Вдруг до него донесся какой-то шум. Он прислушался. Кто-то приближался к нему, какие-то люди. Они были уже совсем близко. Слышались их голоса. Судя по разговору, люди эти не часто бывали в горах. О! Да они вооружены! Он слышал, как ударялись о стволы винтовки. Давно не слышал он этих звуков и сразу все понял.
Он не испугался, даже не шевельнулся. Стоит ли прятаться?! Он выполнил свой долг, олени хоть несколько дней поживут спокойно, он повидался с теми, кто ему дорог. А теперь ему все равно!
В это время появились двое, они озирались по сторонам, сразу было видно, что ищут кого-то.
Впереди — толстый, по имени Чжан Сишэн, охотник запомнил его на всю жизнь. Он тяжело дышал, даже издали было слышно, и своим нелепым видом напоминал охотнику только что убитую им медведицу.
Второго, худого и крепкого, охотник не знал.
Гуцзесе взял кусок медвежатины, разрезал и молча принялся есть.
— Сто восьмой! — крикнул Чжан Сишэн, уставившись на охотника.
Но Гуцзесе, словно не слышал, отрезал еще кусок, отправил в рот и стал не спеша жевать.
— Это… он? — спросил худощавый.
— Он! Я же сказал, что никуда он не убежит. Ты… его знаешь?
— Он — отличник труда по защите леса, Гуцзесе, верно? Как же ваша «диктатура масс»?..
— Ты хотел что-то сказать, Ван У?
— Однажды мы тушили пожар в горах, нас было человек сто, и заблудились. А он, совсем больной, помог нам выбраться, — тихо ответил Ван У.
Его лицо показалось Гуцзесе знакомым. Может быть, они и в самом деле встречались. С кем только не встречался Гуцзесе, когда был проводником пожарников! Разве всех припомнишь?

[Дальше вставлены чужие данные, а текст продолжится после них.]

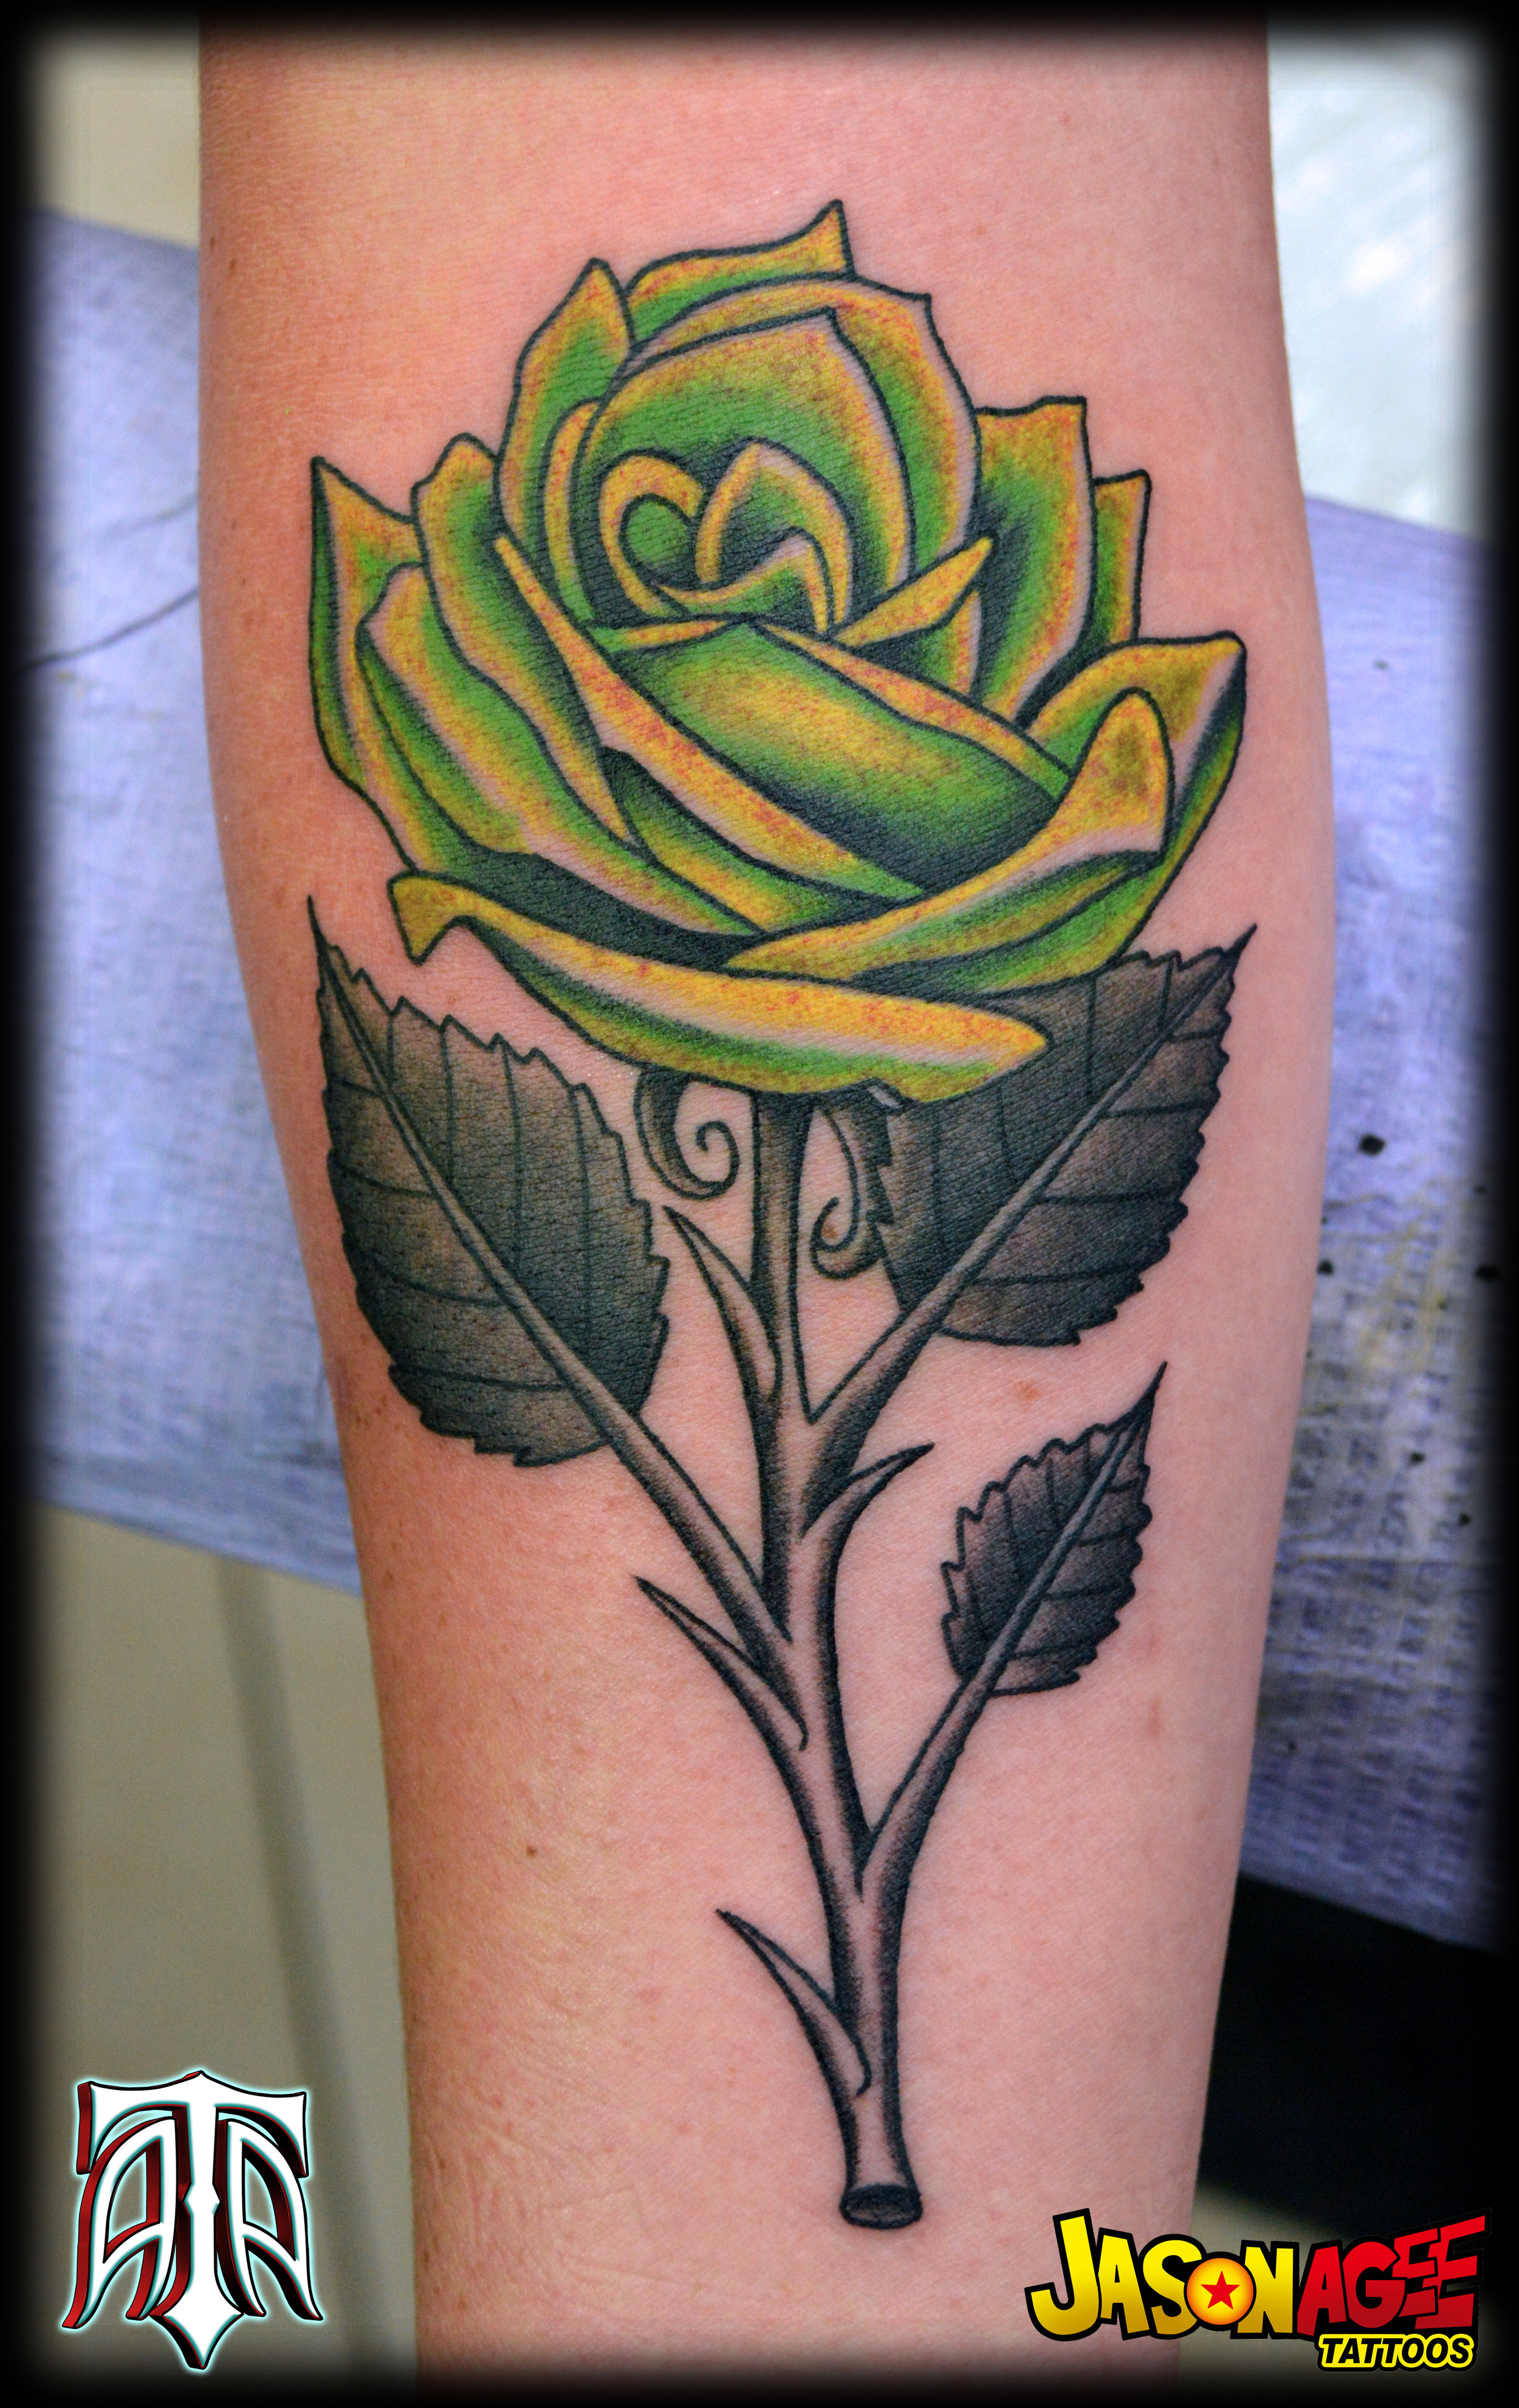 The True Meaning of Black Rose Tattoo That Many Dont Know

— Ты, мать твою так, не делай из него героя, и будь осторожен, он понимает по-китайски. Твоя задача — его доставить. Поменьше болтай, лучше будет. — В голосе Чжан Сишэна звучало раздражение. — Да опусти ты свое злодейское оружие! — заорал Чжан Сишэн, глядя на нож в руках охотника.
— Не бойся, я просто ем мясо. Может, отведаешь? — с насмешкой произнес Гуцзесе. Видя, что толстого может с перепугу хватить кондрашка, охотник положил нож на землю.
— Пошли, следуй, пожалуйста, за нами. — На слове «пожалуйста» Чжан сделал ударение. Он хотел поднять с земли нож, но вдруг увидел медвежью шкуру
и испуганно отпрянул.— Это шкура мертвого медведя, — не скрывая иронии, пояснил Ван У.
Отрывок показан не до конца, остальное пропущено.